3. Purposes of salvation are revealed by the prophetic hope of God's Word. Lk 2:25-35

       We have noted how the Spirit of prophecy utilizes the promises of God to point to the Person of Christ. As we look at one more prophecy in Luke today, we consider briefly the words of Simeon. Simeon is described as having waited for the time when He would behold Israel's deliverer with His own eyes. Older generations of the past used the Latin Vulgate translation of the Bible to assign a Latin title to Simeon's prophetic declaration in Luke 2:29-32, namely: "nunc dimittis". This Latin phrase corresponds to the first two words we can translate as: "now release".

        Think of how God's salvation purposes release those who receive His wonderous grace such by faith. Release from guilt (Romans 5:1). Release from the penalty of sin (Ephesians 1:7). Release from alienation from God (1 Peter 1:18). Release from future judgment (1 Thessalonians 1:10). Release from Satan's tyranny (Hebrews 2:14; 1 John 3:8). Release from the sting of death (1 Corinthians 15:55-57).  Such "releases" deliver the only sort of hope that transcends the bleakness of our time. 

       Simeon is expressing how beholding the Savior has set Him free. He had hoped for nearly all of his life. For a significant portion of his time on earth, Simeon's hope seem delayed.
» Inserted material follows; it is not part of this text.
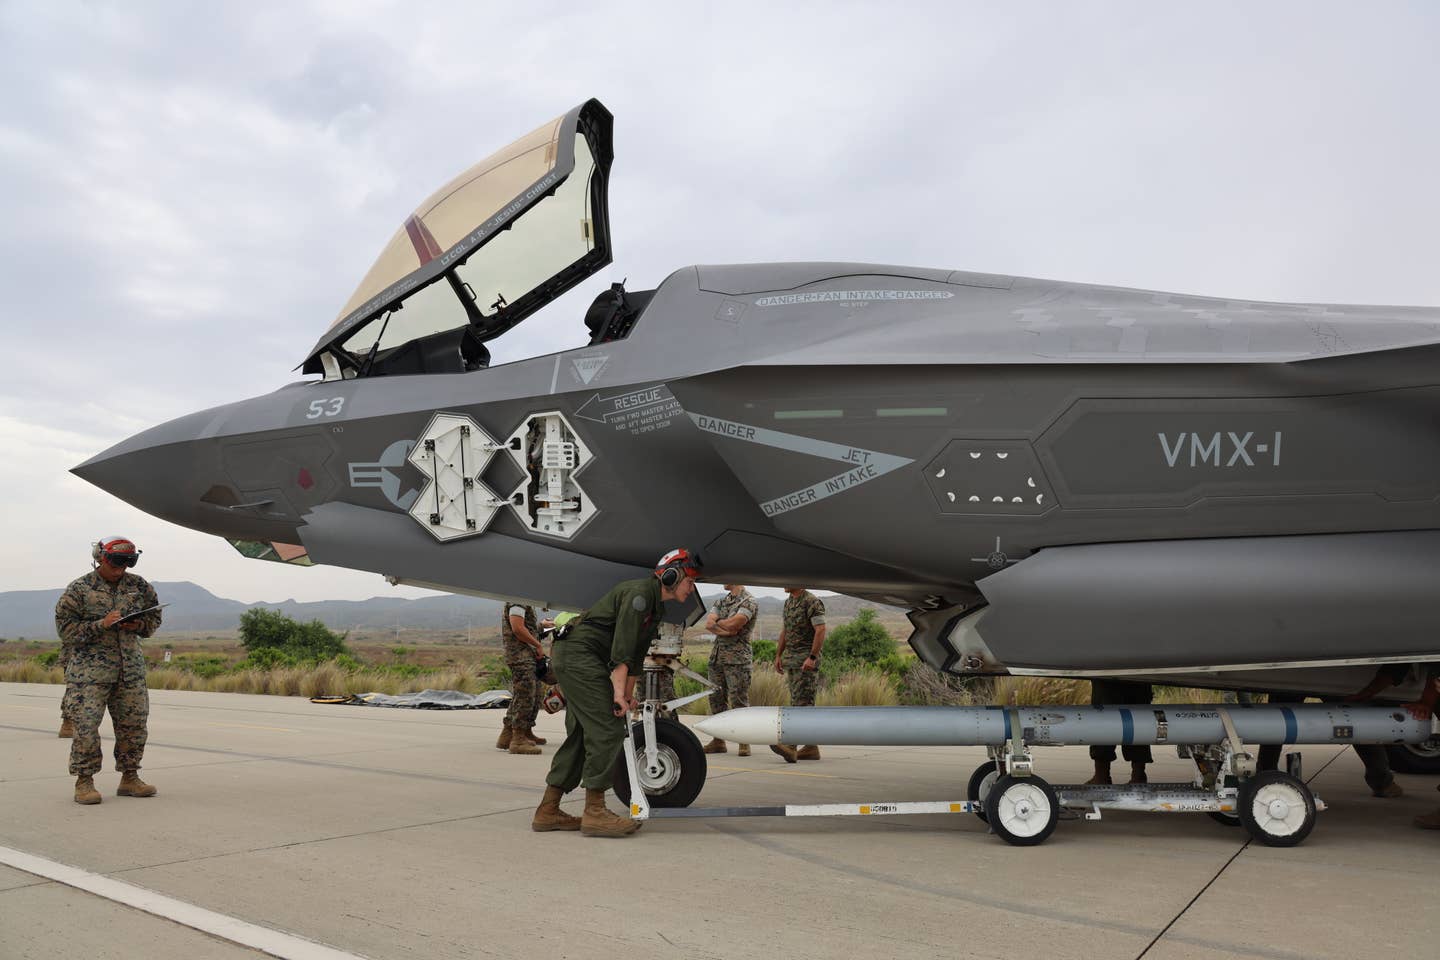 Marines load AIM-120 captive training rounds onto a VMX-1 F-35B at an austere forward base during training. (Author's photo)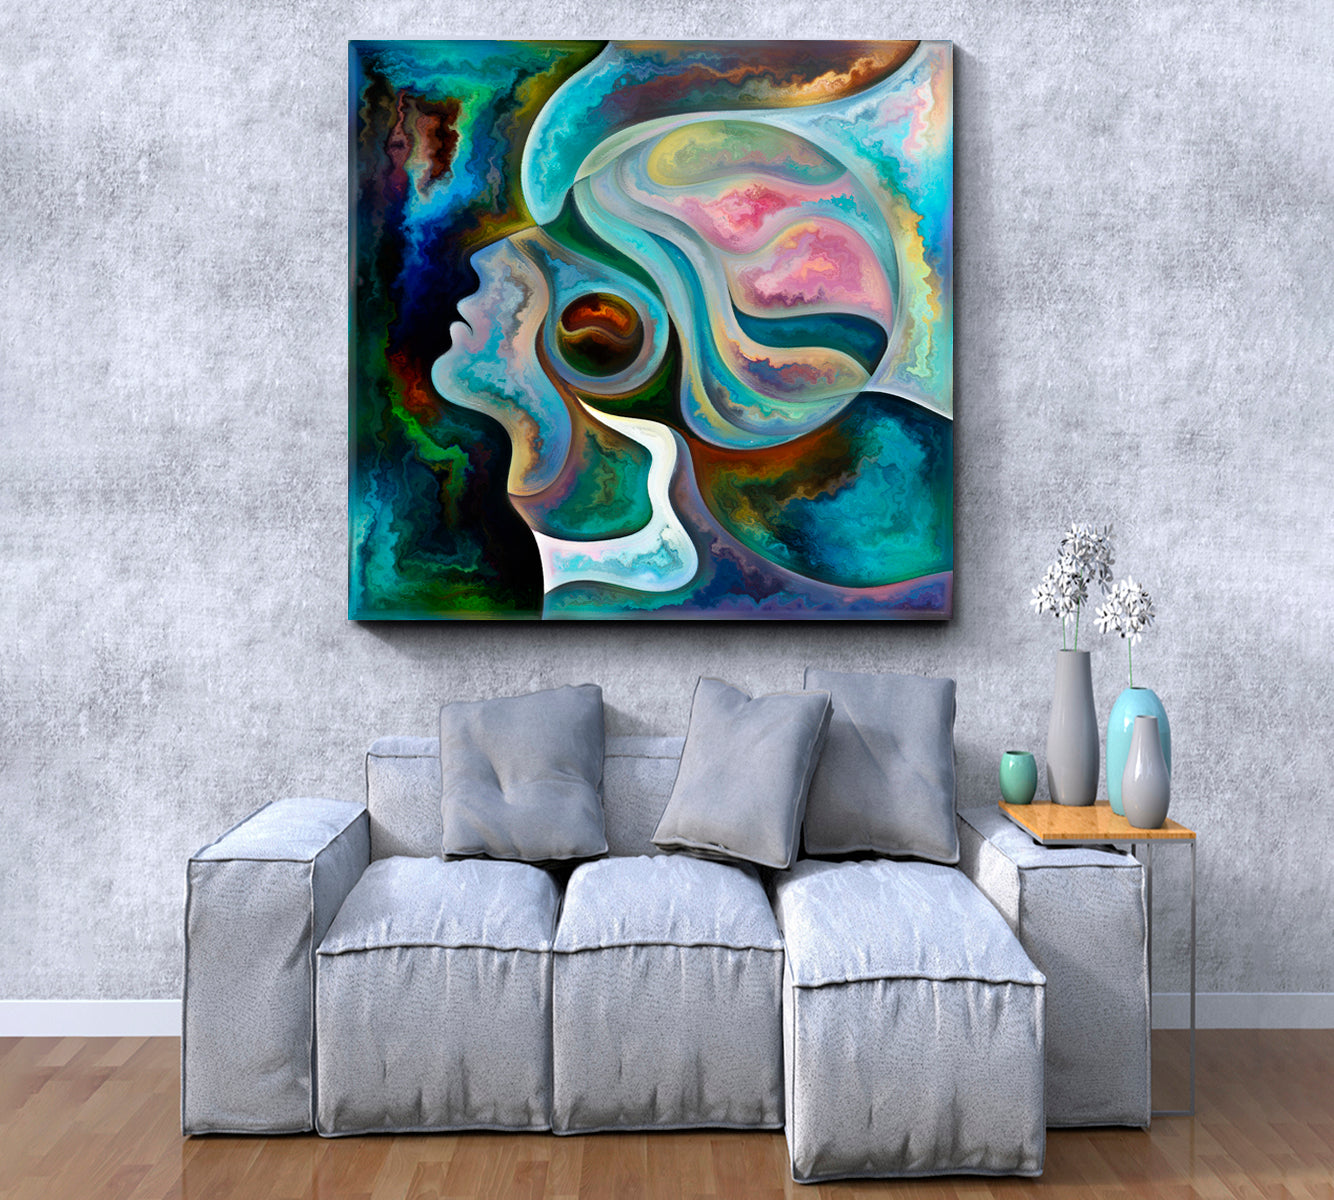 SPECTRAL FLOW Artistic Colorful Shapes Forms Swirls Modern Art Consciousness Art Artesty

As the great Baptist preacher Adrian Rogers once remarked: "God's delays are not to be taken as God's denials". God kept His word to Simeon. Simeon not only beheld hope; he "held" hope in his arms! 

       The purposes of salvation are concentrated in a Person - a Divine Person in Whom is united truly Divine nature, able to save, and truly human nature, capable to save.  Jesus came to be human in order to reconcile sinners to a Holy God. As man, He was born, lived, died and arose from the dead. He is our hope (see Colossians 1:27). 

Closing thoughts

        The Spirit of prophecy spoke through these events and people. Luke's record captures the wondrous reality of the Holy Spirit's work to make clear the advent of the Son of God in frail humanity. Would we, this advent season, heed "The Spirit of prophecy", Who shines for the only Hope that can pierce the darkness.